Submitted by DreamyPen t3_zsbivc in MachineLearning
DreamyPen
DreamyPen OP t1_ivvm1k0 wrote
Reply to comment by Ulfgardleo in [Discussion] Can we train with multiple sources of data, some very reliable, others less so? by DreamyPen
-
Yes I did mean outputs/targets. The features are always known, they correspond to testing conditions (a certain temperature, a certain processing speed, etc.) Given these testing conditions (inputs / labels), can we predict the material properties (outputs/targets) Experimental measurements are very reliable.
-
The physics based model can always output a prediction for any given labels (testing conditions). But it is not always reliable. We would still like to include them because it allows us to augment the small experimental data set, and, often times, it is quite good approximation from the ground truth. This will also answer 4. Indeed, since the physics based model can always make predictions, we will have in some instances both reliable and unreliable data.
-
Correct! :)
-
We do indeed.
-
Hopefully my response to 1. clarified it.
Let me know if the goal is clearer, and thank you for your help.
DreamyPen OP t1_ivvhmu0 wrote
Reply to comment by Ulfgardleo in [Discussion] Can we train with multiple sources of data, some very reliable, others less so? by DreamyPen
- There are two sources of data. One experimental measurements with small amount of scatter, so it is considered highly reliable data. The second source is data predicted using physics-based models. They are sometimes quite accurate, sometimes a bit off. So it is indeed a supervised problem, with unreliable outputs not labels.
- I'm learning material properties. Ideally able to learn from the experimental data (ground truth), while capturing the trends from the synthetic model-based data.

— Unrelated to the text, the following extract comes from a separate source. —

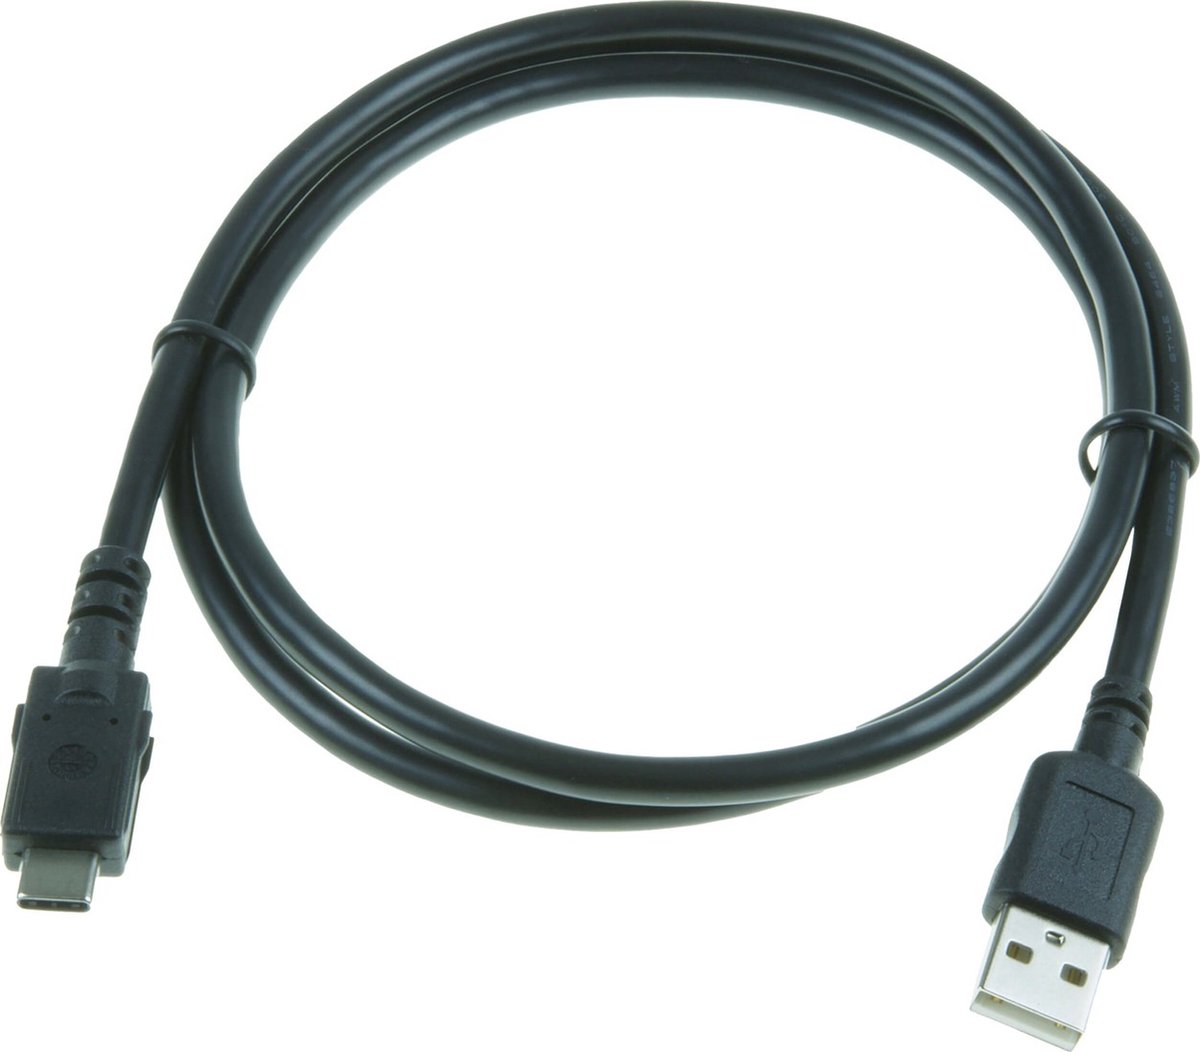 USB-C PORT PLUG FOR USE WITH

- The experimental data is always considered highly reliable. The model-based data can be accurate or not, so a fixed reliability score should be suitable without knowing with certainty whether the models prediction is reliable or not for given input.
- Answered previously.
- We are mainly interested in predicting material properties that are close to the experimental (reliable) data, while still picking some useful signal from the less accurate physics-based data.
I hope this helps clarifying my objectives. Thank you.
DreamyPen OP t1_ivvgkqs wrote
Reply to comment by _Arsenie_Boca_ in [Discussion] Can we train with multiple sources of data, some very reliable, others less so? by DreamyPen
Thank your the clarification. I'm dealing with a regression problem however. Not sure its applicable in my case.
DreamyPen OP t1_ivveamf wrote
Reply to comment by _Arsenie_Boca_ in [Discussion] Can we train with multiple sources of data, some very reliable, others less so? by DreamyPen
Can I ask you what you mean by "smoothen labels"?
DreamyPen OP t1_ivve7nt wrote
Reply to comment by DarwinianThunk in [Discussion] Can we train with multiple sources of data, some very reliable, others less so? by DreamyPen
Could this be done by adding a feature column "weight" with a value ranging from 0 to 1. The closer to 1, the more reliable?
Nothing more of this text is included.